Is your current business thriving? Do you enjoy a regular cash surplus that you’re unsure what to do with? Then perhaps you might consider starting a side hustle! While it might sound like a risky idea, some successful Filipino franchises actually began as side hustles by plucky entrepreneurs to earn extra revenue. Take Jollibee, for instance. Founded by Filipino-Chinese business mogul Tony Tan Caktiong in 1975, it began as an ice cream parlor that also sold sandwiches and cooked meals upon request from customers. Once these side hustles began to outsell the ice cream they quickly reimagined themselves as a fast food restaurant, and the rest is history.

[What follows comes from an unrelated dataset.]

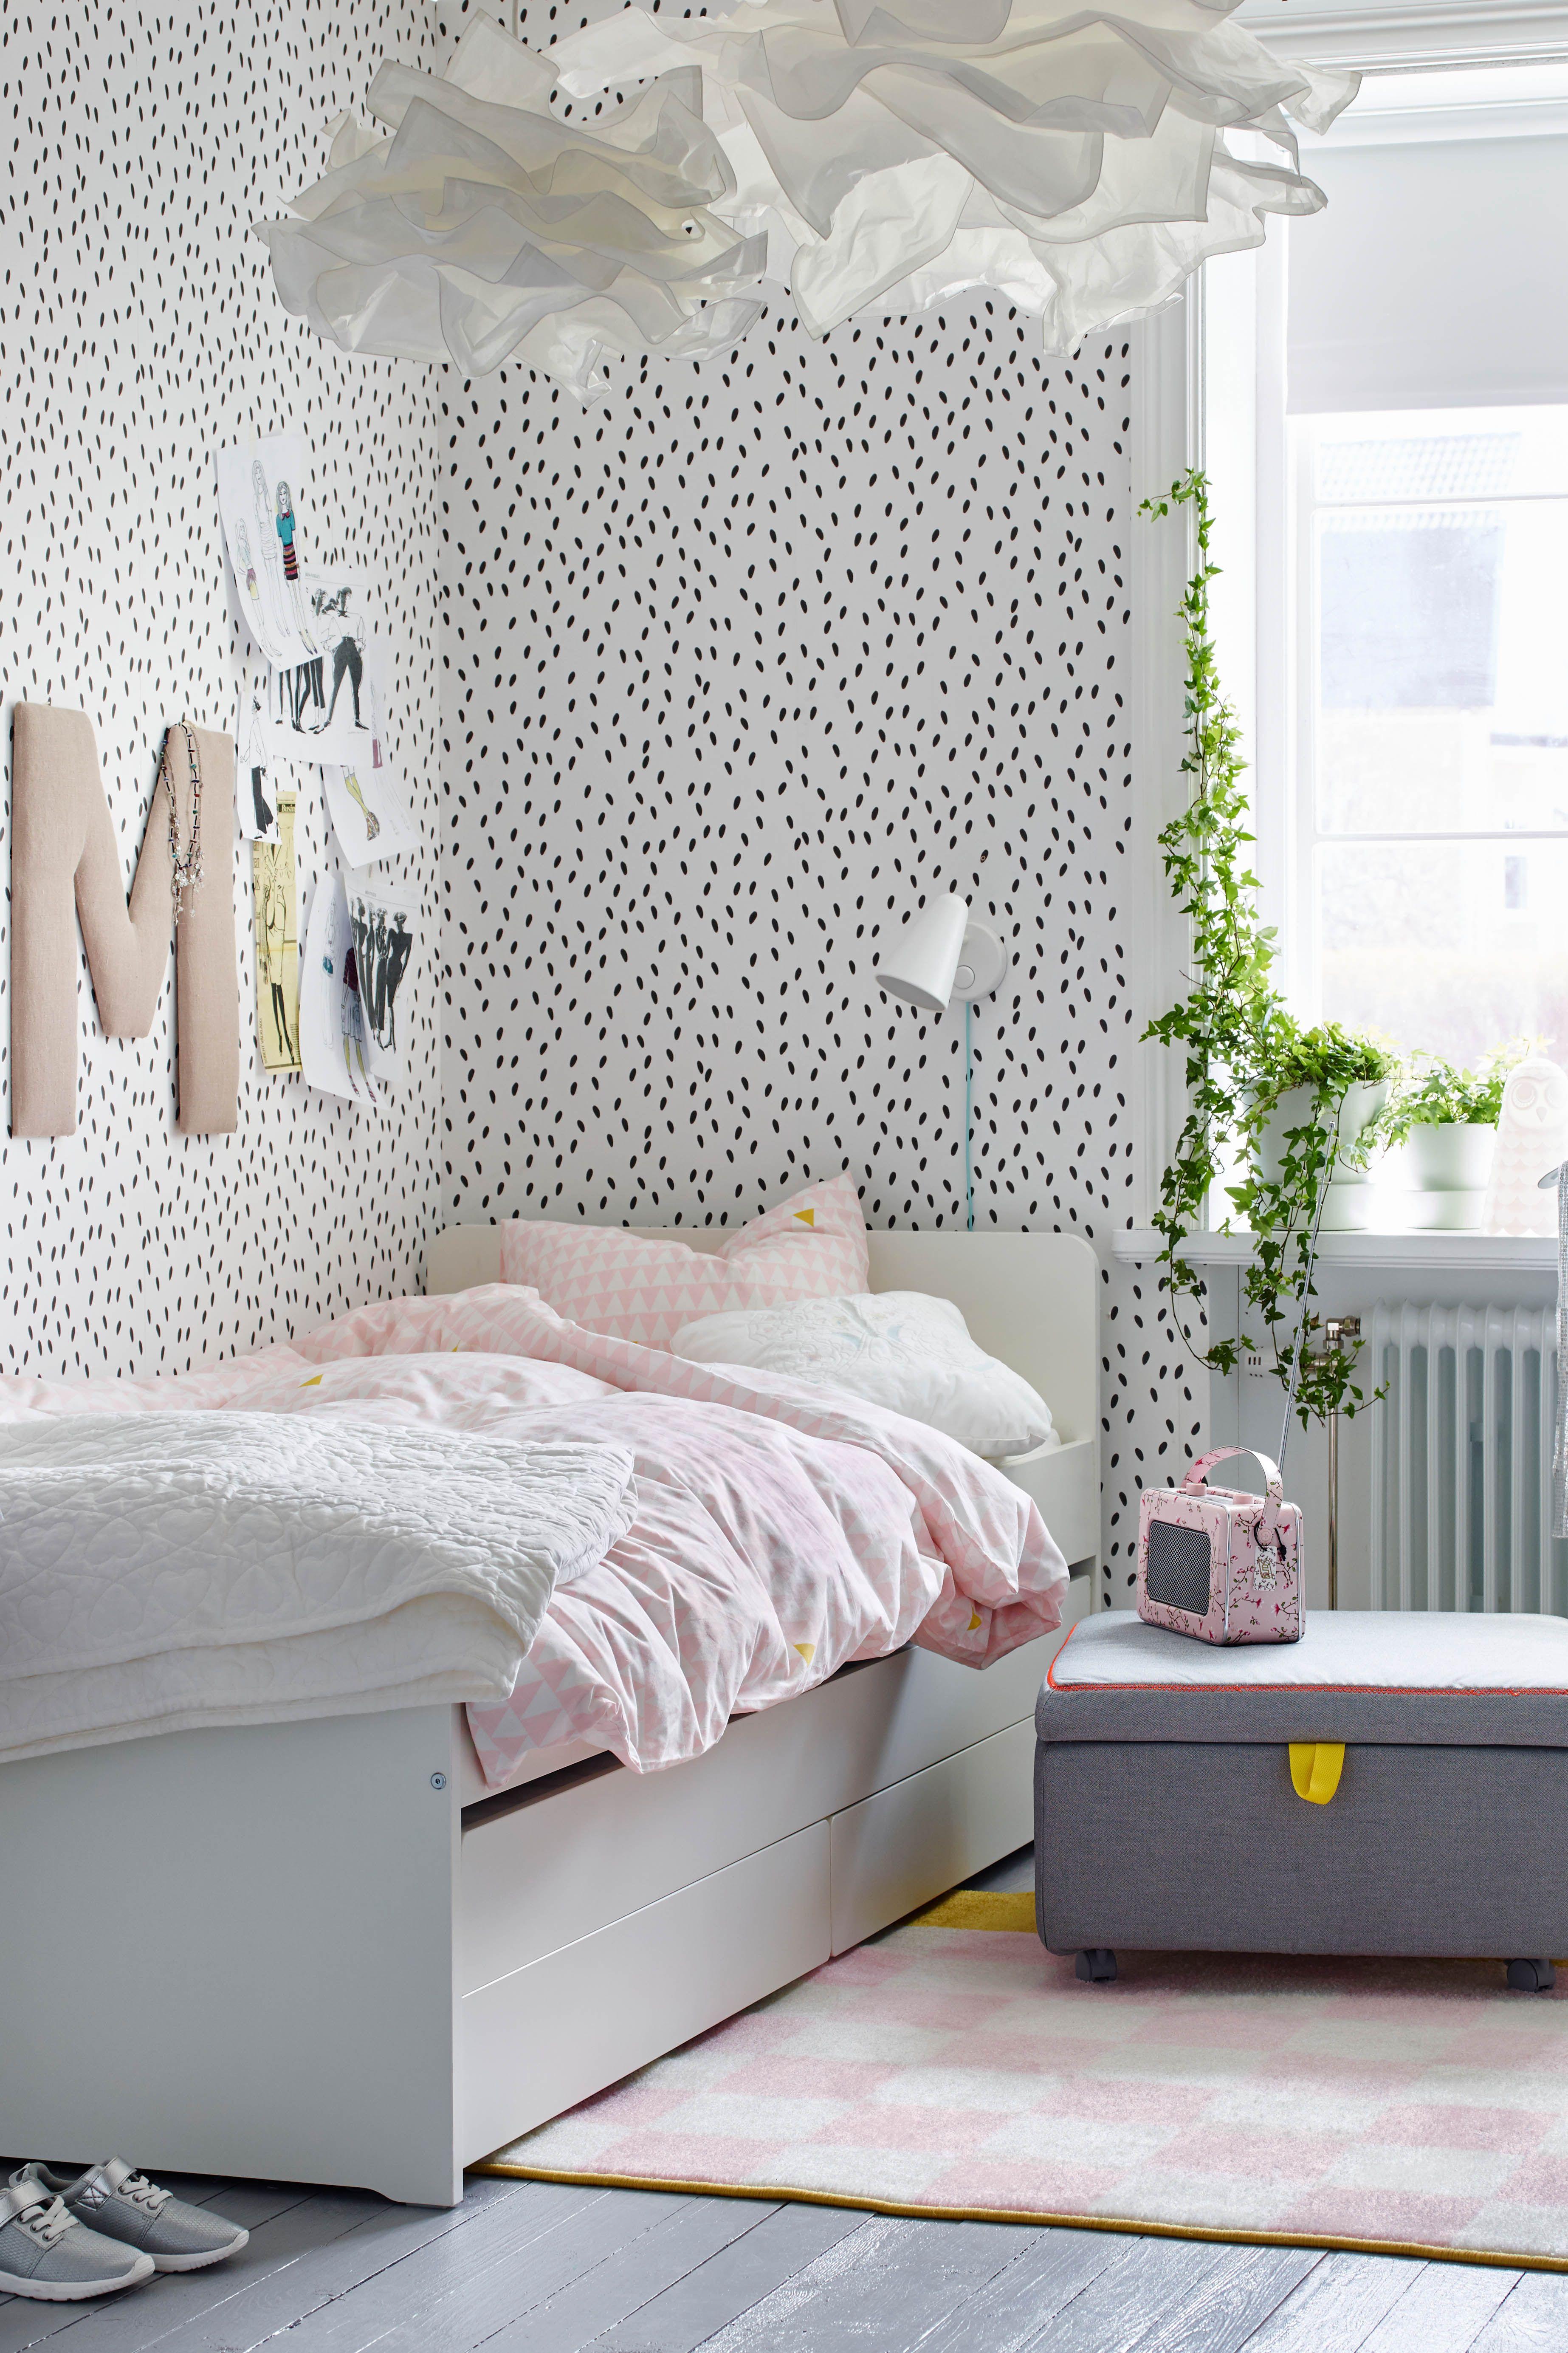 Slakt Bettgestell Unterbett Aufbewahrung Weiss Ikea Deutschland Zimmerdekoration Madchenzimmer Dekoration Raumideen Diy

But what kind of products make for a good side hustle? In today’s article, we’ll be suggesting an exotic product which has potential in the current market: Hong Kong Milk Tea.
Milk tea is a beverage known for its signature creamy flavor. A staple in every Cantonese restaurant, milk tea (also known as lai cha) has taken the Philippines by storm in recent years through its famous boba tea version. Studies conducted in 2018 showed the consumption of boba tea increased by 3500% in that year alone, with the Philippines becoming the 3rd largest consumer of milk tea products in all of Southeast Asia.
Today we’ll be taking a look at a more traditional Hong Kong-style milk tea which can be made at home with everyday Filipino ingredients. Its caffeine content and easy recipe make it a great alternative to instant coffee.
Here's how to brew an authentic cup of Hong Kong Milk Tea:
6 cups of hot water.
9 Lipton tea bags. You can use any other black tea bags, the stronger the better.
¾ cup evaporada. Adjust to taste if desired.
3 tbsp sugar. Adjust to taste if desired
Bring the water to a boil in a pot. Turn off heat and allow to cool for 2 minutes. This is to reduce the overall bitterness of the milk tea.
Cut open the tea bags with scissors and empty the leaves into another pot.
Pour the hot water into leaves. Allow to sit and steep for 5 minutes.
Filter the tea, preferably through a fine sieve or kitchen filter. If you want the authentic Hong Kong creamy texture, try filtering the tea 2-3 times (optional).
Add the sugar and stir till dissolved.
Add the evaporada.
Serve and enjoy! Alternatively, you could also serve it cold by allowing the milk tea to cool and then adding to a tall glass full of ice. Cold milk tea is called tong lai cha, while hot milk tea is called yiht lai cha.
We hope you’ve enjoyed our little recipe.